У Абеля пошаливали нервы, потому что Господь не дал ему способности говорить на чужом языке. И его по ночам мучила бессонница. Криста не сказала ему, что это просто высокомерие. Почему именно он не должен говорить на чужом языке, чем он лучше других?
Пузырек с таблетками стоял на месте. Карине, не задумываясь о последствиях своего поступка, положила в рот целую пригоршню таблеток и запила водой из-под крана.

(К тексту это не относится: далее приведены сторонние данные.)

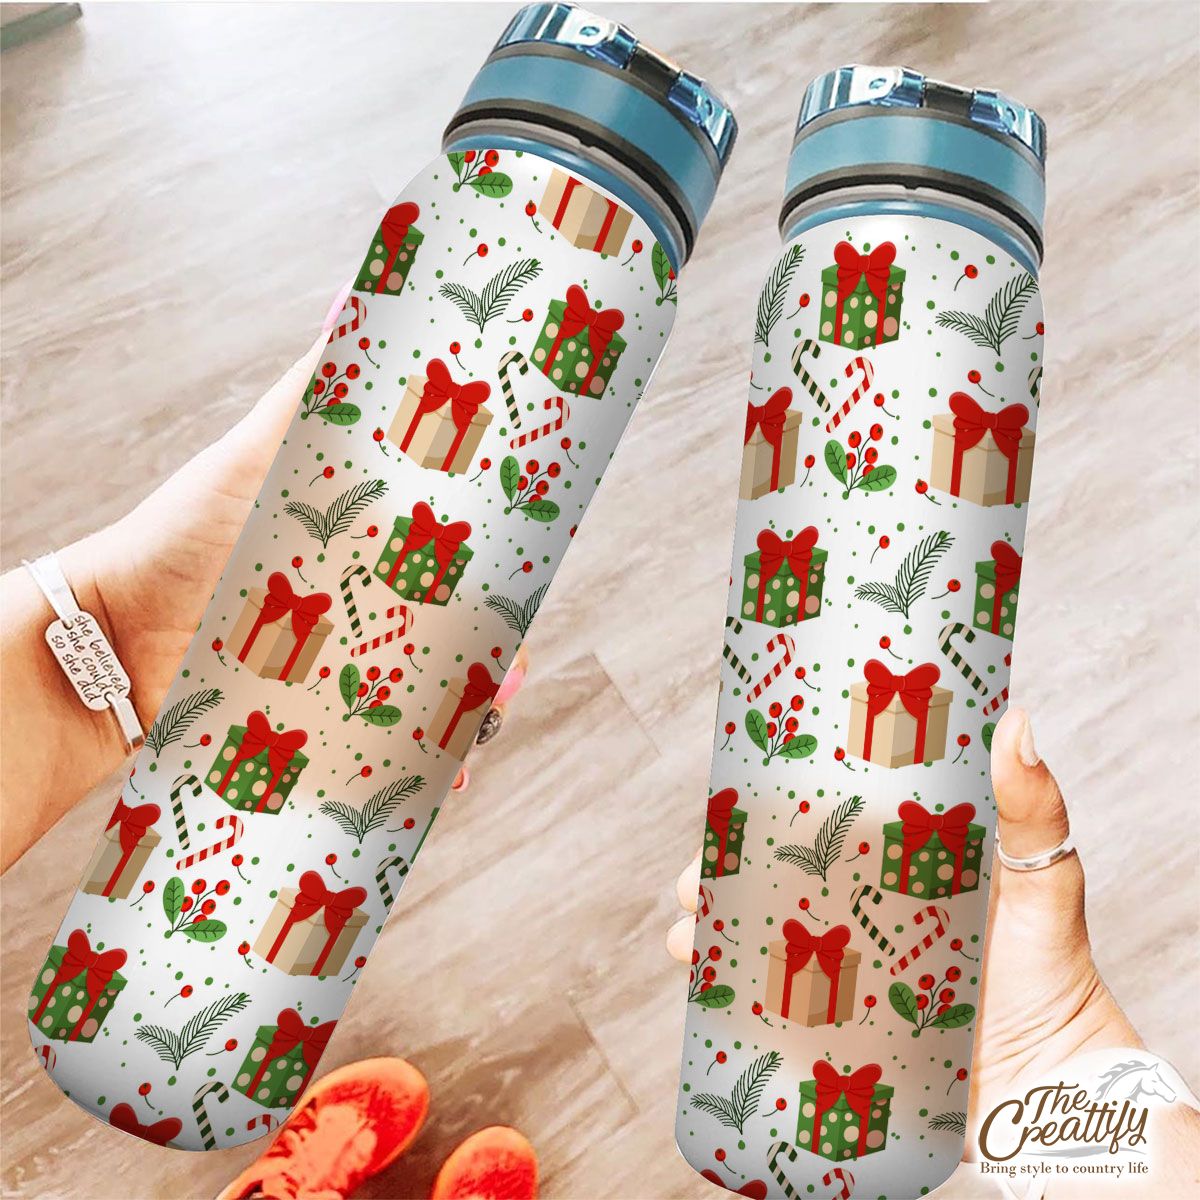 Christmas Gifts And Red Berries Tracker Bottle

После этого она вернулась в свою комнату и легла. Она никогда уже не погладит свою собаку, никогда не расскажет своему песику, как она любит его.

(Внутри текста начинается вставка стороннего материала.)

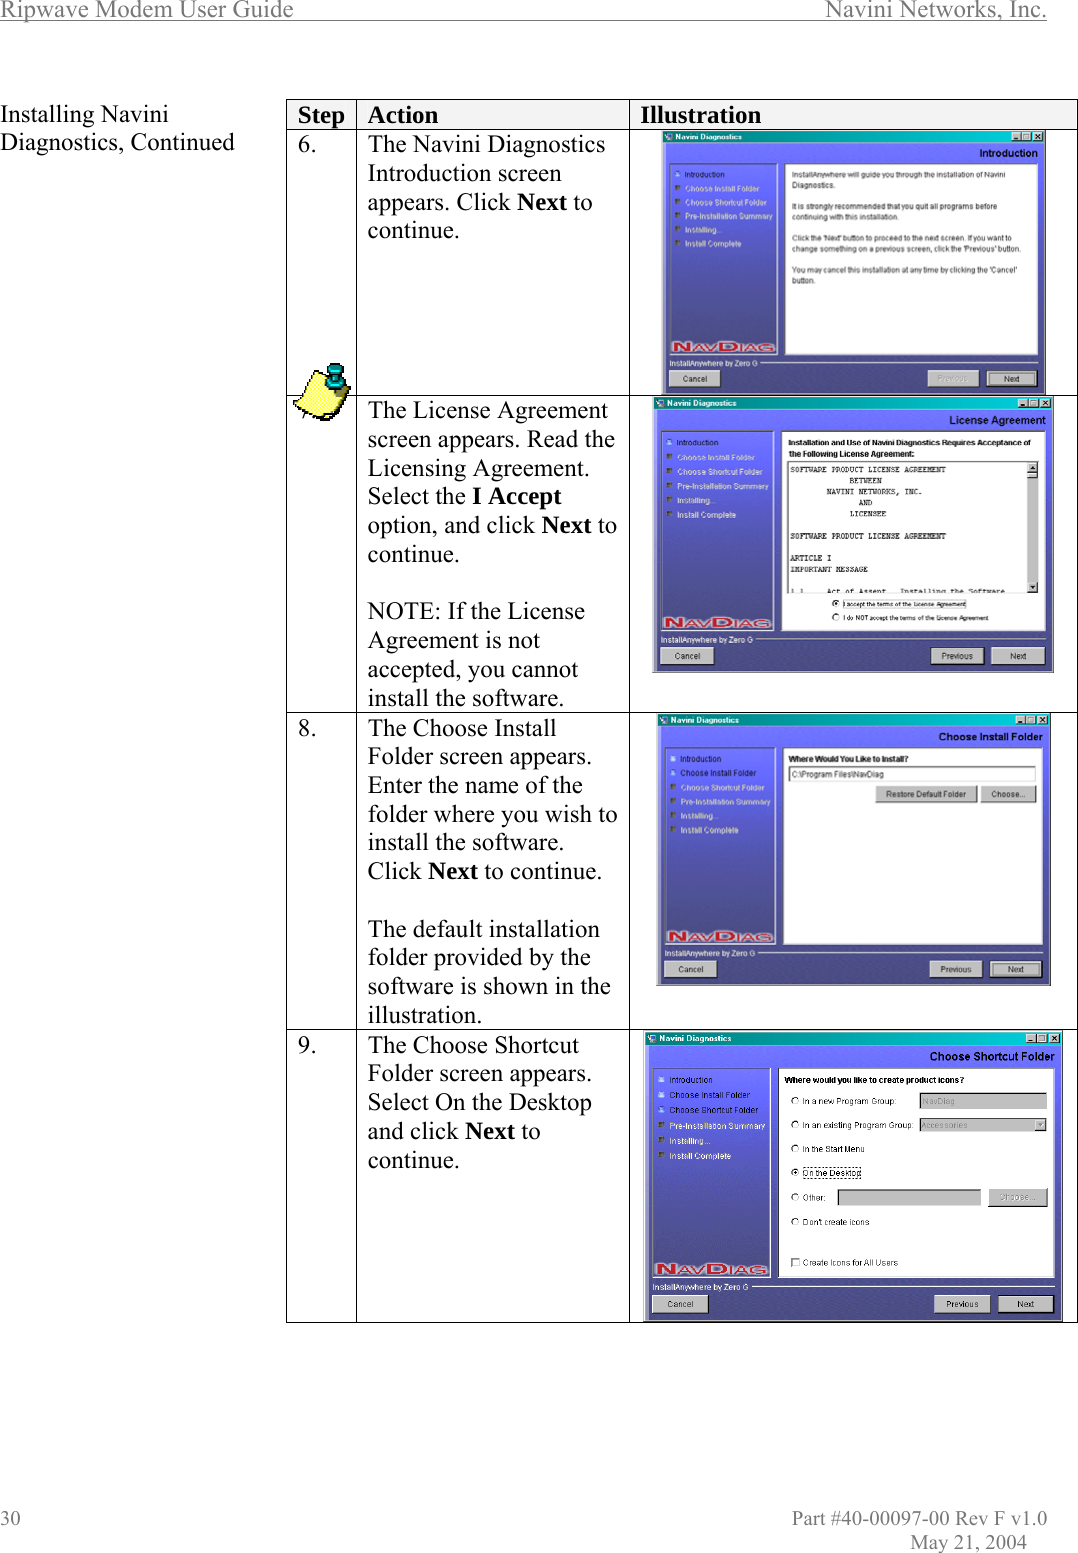 Ripwave Modem User Guide        Navini Networks, Inc.                         Part #40-00097-00 Rev F v1.0               May 21, 2004 stalling Navini iagnostics, Continued            InD                                 Step  Action  Illustration 6.   The Navini DiagnosticsIntroduction screen appears. Click Next to continue.  7.  The License Agreemenscreen appears. Read thLicensing Agreement. Select the I Accept option, and t e click Next to continue.  NOTE: If the License not e. Agreement is not accepted, you caninstall the softwar 8.  appears. Enter the name of the folder where you wish to install the software. Click Next to continue.  The default installation folder provided by the software is shown in the The Choose Install Folder screenillustration.  9.  eThe Choos  Shortc t e rs. Select On the Desktop and click Next to continue. uaFolder screen app     30

Шейна, ее последней спасительной соломинки в этом жестоком мире, больше не было в живых.
Это было последней каплей в чаше горечи и несчастий Карине. Она не могла этого пережить.
***
Ионатан очнулся на опушке леса. Сев, он увидел перед собой колосящееся поле пшеницы. Вдали виднелась деревушка с красными черепичными крышами.
«Германия, – подумал он. – Типично немецкая картина. Но как я попал сюда?»
И тут он вспомнил, где он до этого был. Разве он уже не…
Да, каким-то дьявольским образом он снова очутился поблизости от этого проклятого имения!
Неужели ему придется вернуться туда, на эту жуткую ферму, производящую совершенный, нордический тип людей?
Ему чуть не стало дурно.
– Я вижу, тебе это не нравится, – констатировал смеющийся голос сзади него. Он повернулся.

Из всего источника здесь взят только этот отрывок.